Segment Start: Material for this task
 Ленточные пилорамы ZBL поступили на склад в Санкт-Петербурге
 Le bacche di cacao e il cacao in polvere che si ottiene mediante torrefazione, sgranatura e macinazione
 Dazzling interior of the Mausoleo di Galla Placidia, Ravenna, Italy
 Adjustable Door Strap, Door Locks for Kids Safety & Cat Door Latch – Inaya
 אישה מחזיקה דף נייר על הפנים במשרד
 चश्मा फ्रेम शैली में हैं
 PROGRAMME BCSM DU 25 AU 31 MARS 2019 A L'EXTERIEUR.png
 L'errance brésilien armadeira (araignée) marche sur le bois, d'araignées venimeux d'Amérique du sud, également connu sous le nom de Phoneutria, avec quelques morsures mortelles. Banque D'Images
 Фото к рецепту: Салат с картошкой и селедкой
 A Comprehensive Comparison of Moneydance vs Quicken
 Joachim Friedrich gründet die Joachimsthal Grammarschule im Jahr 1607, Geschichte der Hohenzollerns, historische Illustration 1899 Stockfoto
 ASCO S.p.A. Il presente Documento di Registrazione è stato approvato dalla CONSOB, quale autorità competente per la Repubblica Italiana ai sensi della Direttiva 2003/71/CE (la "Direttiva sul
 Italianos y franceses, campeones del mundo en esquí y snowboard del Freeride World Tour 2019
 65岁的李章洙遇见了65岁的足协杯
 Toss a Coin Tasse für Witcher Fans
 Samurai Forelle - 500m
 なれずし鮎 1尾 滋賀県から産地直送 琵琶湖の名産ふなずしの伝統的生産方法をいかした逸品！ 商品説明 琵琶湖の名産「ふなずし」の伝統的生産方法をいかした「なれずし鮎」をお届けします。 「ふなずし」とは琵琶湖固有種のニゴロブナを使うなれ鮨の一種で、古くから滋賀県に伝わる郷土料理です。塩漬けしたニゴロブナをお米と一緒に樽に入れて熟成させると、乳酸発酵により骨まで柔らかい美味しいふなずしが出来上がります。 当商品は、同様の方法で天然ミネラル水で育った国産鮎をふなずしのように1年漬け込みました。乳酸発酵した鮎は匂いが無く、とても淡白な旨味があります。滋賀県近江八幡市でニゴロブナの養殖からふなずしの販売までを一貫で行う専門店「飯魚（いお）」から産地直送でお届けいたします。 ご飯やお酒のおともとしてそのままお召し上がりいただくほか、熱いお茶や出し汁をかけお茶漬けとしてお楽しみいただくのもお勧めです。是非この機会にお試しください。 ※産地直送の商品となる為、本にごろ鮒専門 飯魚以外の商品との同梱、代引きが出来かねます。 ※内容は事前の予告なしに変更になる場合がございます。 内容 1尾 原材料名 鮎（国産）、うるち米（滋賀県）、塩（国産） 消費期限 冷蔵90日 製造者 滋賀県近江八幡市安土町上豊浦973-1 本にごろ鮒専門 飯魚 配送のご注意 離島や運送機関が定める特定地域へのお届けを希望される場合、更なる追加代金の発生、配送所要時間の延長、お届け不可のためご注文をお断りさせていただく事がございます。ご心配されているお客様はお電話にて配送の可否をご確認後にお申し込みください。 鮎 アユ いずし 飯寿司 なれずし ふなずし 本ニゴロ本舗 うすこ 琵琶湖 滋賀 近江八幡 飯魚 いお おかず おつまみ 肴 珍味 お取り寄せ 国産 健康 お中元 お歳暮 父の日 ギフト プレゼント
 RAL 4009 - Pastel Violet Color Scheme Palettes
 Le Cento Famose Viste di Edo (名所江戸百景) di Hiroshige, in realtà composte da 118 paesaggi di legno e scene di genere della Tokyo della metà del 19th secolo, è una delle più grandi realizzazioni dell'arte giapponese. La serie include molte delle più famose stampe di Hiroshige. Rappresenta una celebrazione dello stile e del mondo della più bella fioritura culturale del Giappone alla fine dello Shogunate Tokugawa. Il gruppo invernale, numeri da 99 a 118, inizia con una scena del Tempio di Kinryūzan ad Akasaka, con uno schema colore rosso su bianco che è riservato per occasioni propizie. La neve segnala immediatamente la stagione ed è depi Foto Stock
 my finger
Segment End: Material for this task
Your answer must be the line with "RAL 4009 - Pastel" and all lines after it through the final line of the entries, copied exactly and with nothing added.

 RAL 4009 - Pastel Violet Color Scheme Palettes
 Le Cento Famose Viste di Edo (名所江戸百景) di Hiroshige, in realtà composte da 118 paesaggi di legno e scene di genere della Tokyo della metà del 19th secolo, è una delle più grandi realizzazioni dell'arte giapponese. La serie include molte delle più famose stampe di Hiroshige. Rappresenta una celebrazione dello stile e del mondo della più bella fioritura culturale del Giappone alla fine dello Shogunate Tokugawa. Il gruppo invernale, numeri da 99 a 118, inizia con una scena del Tempio di Kinryūzan ad Akasaka, con uno schema colore rosso su bianco che è riservato per occasioni propizie. La neve segnala immediatamente la stagione ed è depi Foto Stock
 my finger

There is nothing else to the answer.